Central Public Sector Undertaking

Balmer Lawrie & Co. Ltd. (BL) is an Indian central public sector undertaking and a conglomerate under the Ministry of Petroleum and Natural Gas, Government of India. It is classified as a category-I Miniratna company. Originally founded in 1867 by George Stephen Balmer and Alexander Lawrie in Calcutta, British India, the conglomerate has eight strategic business units, four joint ventures in India and abroad, and a subsidiary in India.

Balmer Lawrie at 9th Bengaluru Space Expo 2026, BIEC

==History==
Balmer Lawrie was founded as a partnership firm on 1 February 1867 in Calcutta, British India, by two Scotsmen: George Stephen Balmer and Alexander Lawrie. It became a private limited company in 1924 with a paid-up share capital of ₹40 lakhs, a public limited company in 1936 and then a Government of India Enterprise in 1972. BL is classified as a category-I Miniratna company.

==Joint ventures and subsidiary==
Balmer Lawrie has joint ventures in both India and abroad and a subsidiary in India.

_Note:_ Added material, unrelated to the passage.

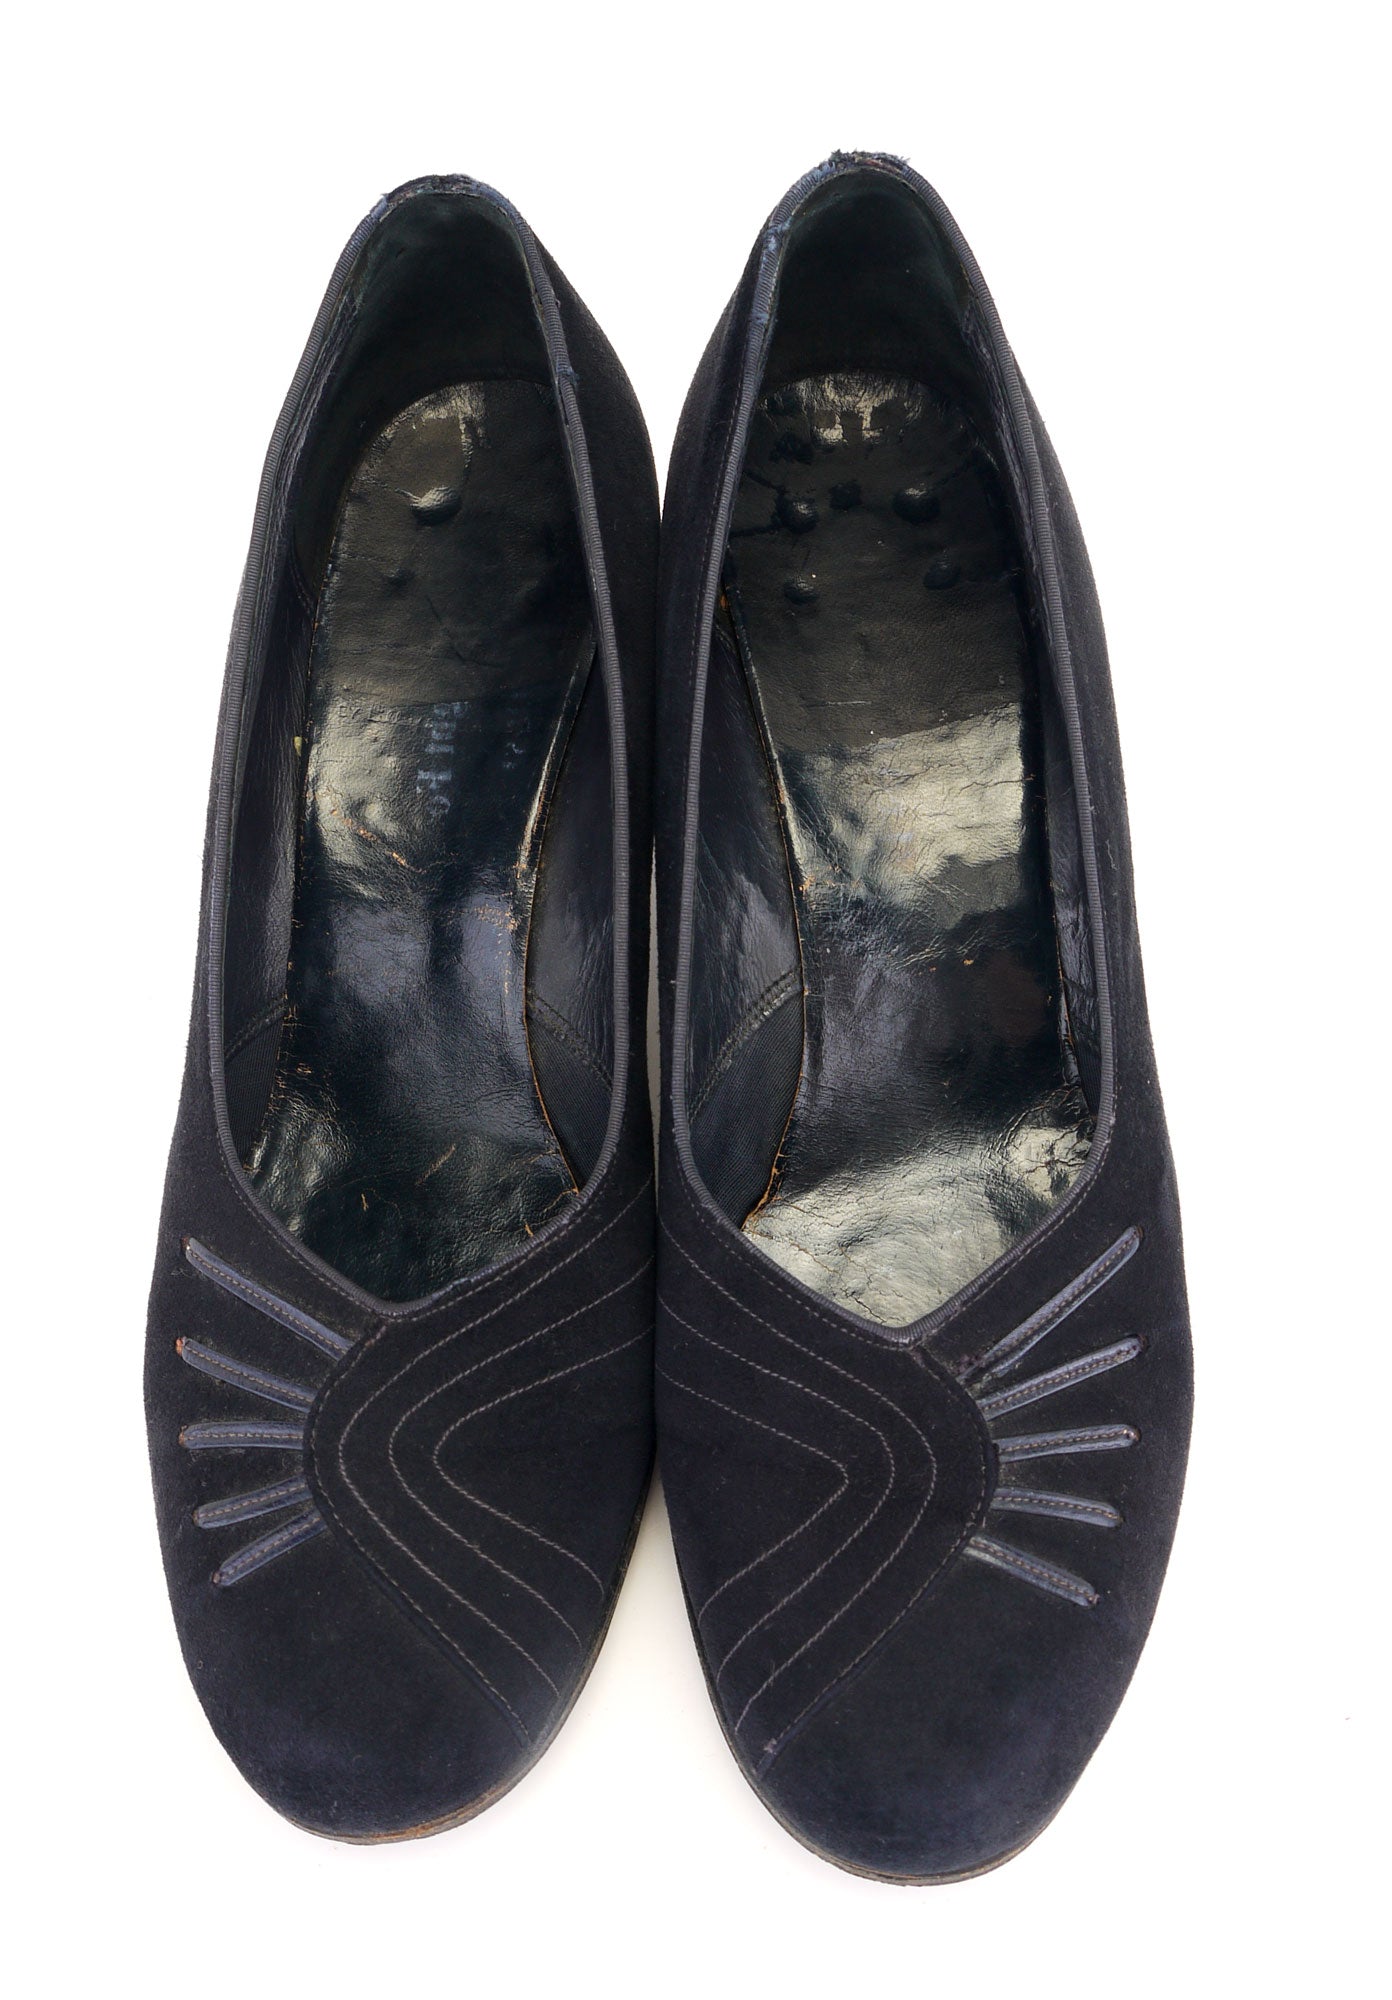 Midnight Blue 1940s Pumps by Lilley & Skinner UK 6.5

=== Joint Ventures in India ===
- Balmer Lawrie - Van Leer Ltd.
- AVI-OIL India Pvt. Ltd.

=== Joint Ventures abroad ===
- PT. Balmer Lawrie Indonesia
- Balmer Lawrie (UAE) LLC

=== Subsidiary ===
- Visakhapatnam Port Logistics Park Limited

==Service==
It has eight strategic business units: Industrial Packaging, Greases & Lubricants, Chemicals, Travel & Vacations, Logistics Infrastructure, Logistics Services, Cold Chain and Refinery & Oil Field Services, with offices spread across the country and abroad. BL is present in eight businesses: Travel and Vacations, Industrial Packaging, Greases and Lubricants, Leather Chemicals, Logistics, Logistics Infrastructure, Logistics Services, and Refinery and Oil Field.

==Recent developments==
Today, Balmer Lawrie is a government sector enterprise with a turnover of ₹2,404 crores and a profit of ₹203 crores as of 31 March 2025. During FY 2024–25, the PSE earned a revenue of ₹2404 crore.